# Dreaming every night -- its getting REALLY fucking old



## shattered memories (Jul 19, 2012)

Ok technically we all dream every night, but for the past two months since this started, if I kept a journal I could tell you every dream I had for that time. Prior, I could barely recall my dreams and they only occurred maybe 3 times a week max. Since DP my mornings (waking up with despair and hopelessness) were so horrible it made me suicidal. Thankfully the worst gone but now I am annoyed and fearful more than anything else.

I read that that dreams are "dumping grounds" for unresolved emotional issues. For example, if someone gets you get mad...you yell at them or something. Action resolved. However, with DP and depression and there's nothing to "resolve" so the brain is trying to close the unresolved emotion loop in dreams but it cant. I would understand if my dream is about "solving" DP but its the most random shit.
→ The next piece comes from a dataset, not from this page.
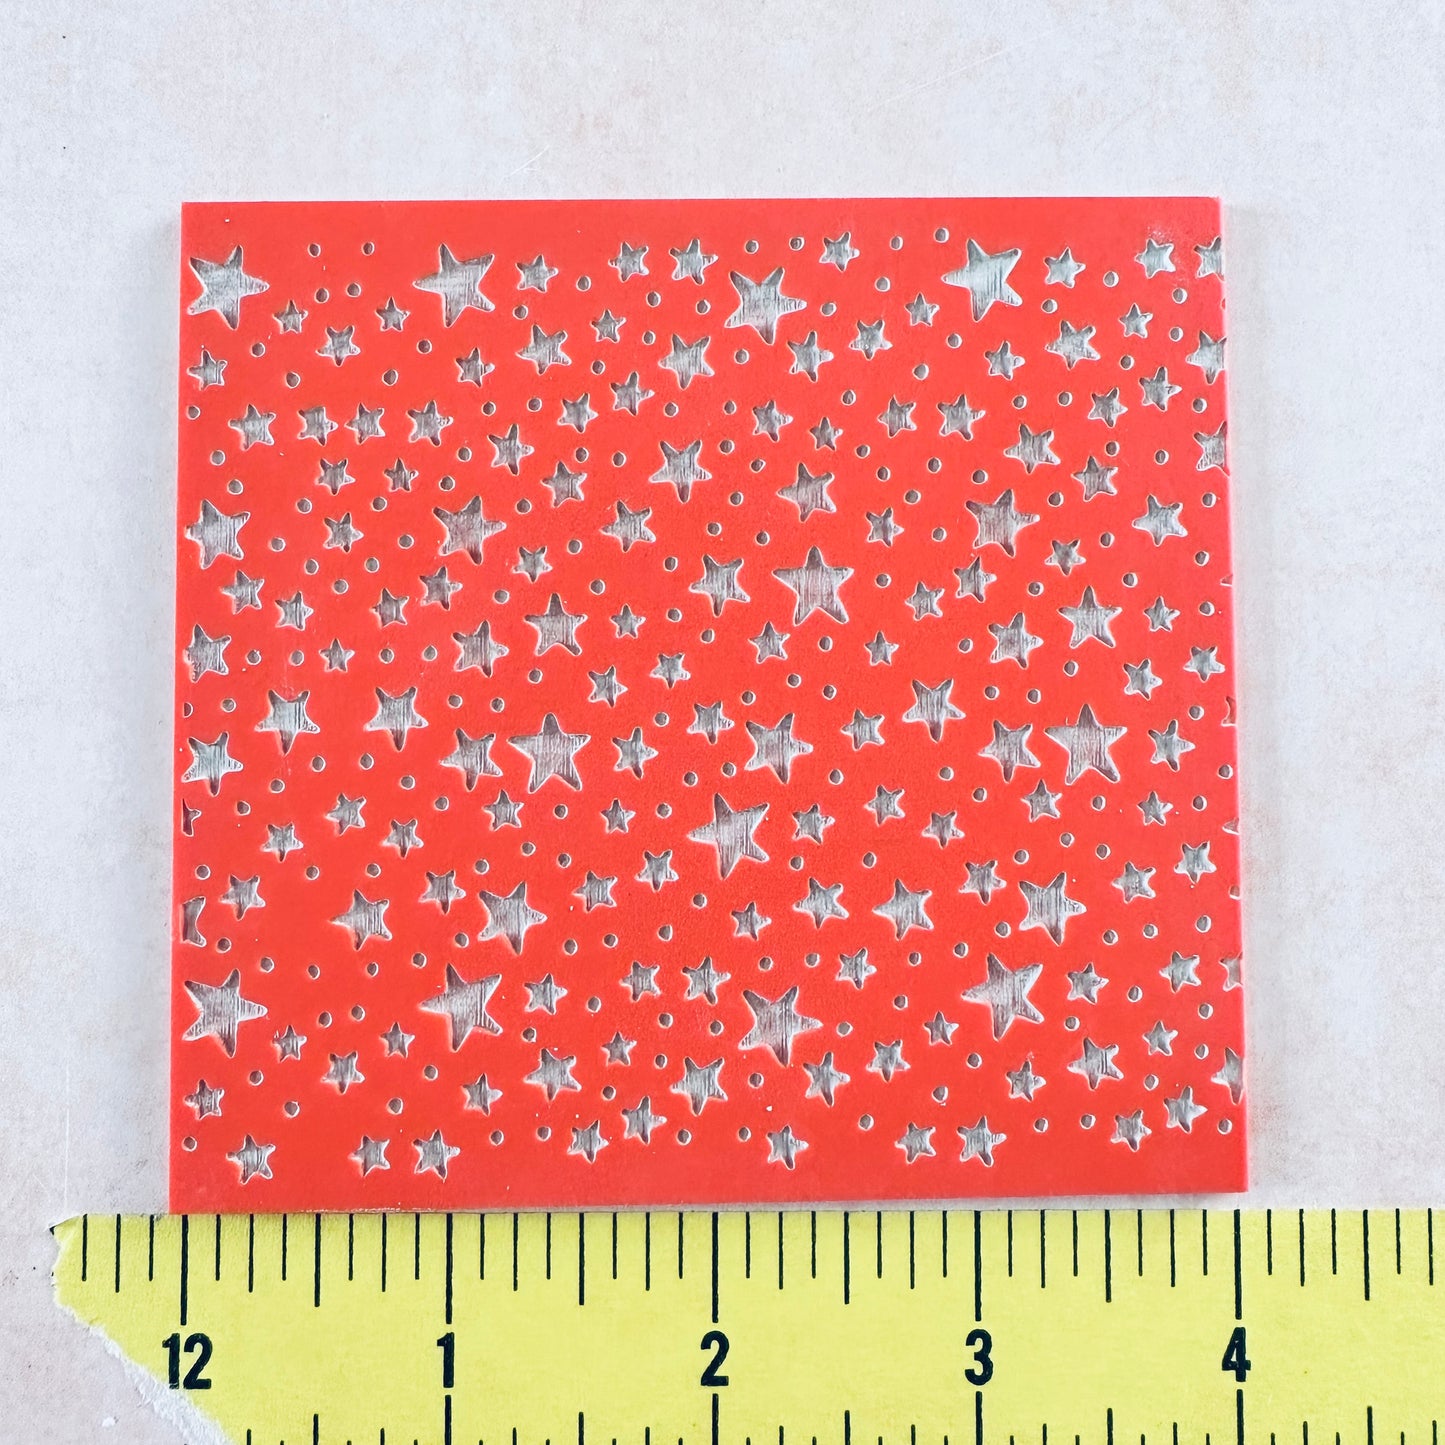 Starry Stars Celestial Rubber Stamp polymer clay Texture Sheet Mat Halloween

Last night I dreamt that I was baking a cake in a cooking competition (wtf?).

The worst part of this is that dreams are "paradoxical sleep" where the mind mimics functions of when you are awake. So therefore, Im dreaming way too fucking much...my mind is not getting enough rest which of course exacerbates the DP. And of course, when I wake up I feel am still dreaming. This feeling decreases in intensity after a couple hours but its still there all fucking day. The weird part is the evening is the time where im LEAST thinking about DP. I usually go to sleep actually feeling somewhat normal. I stay up late because those are the only times I can enjoy myself. I dunno...maybe there's an increase in serotonin levels or something when we get tired?

In conclusion, I think my excessive dreaming is really preventing me from recovering. It makes me feel trapped...it also makes me feel there is an underlying physical cause for this. I need to get medical tests soon to put my mind and ease...and if I find out Im dying, at least Ill have some closure. But I have no job so no insurance FML. I hate having to ask my parents for money because they do a lot for me already. Getting an MRI alone is like $2500+ and blood tests are expensive too.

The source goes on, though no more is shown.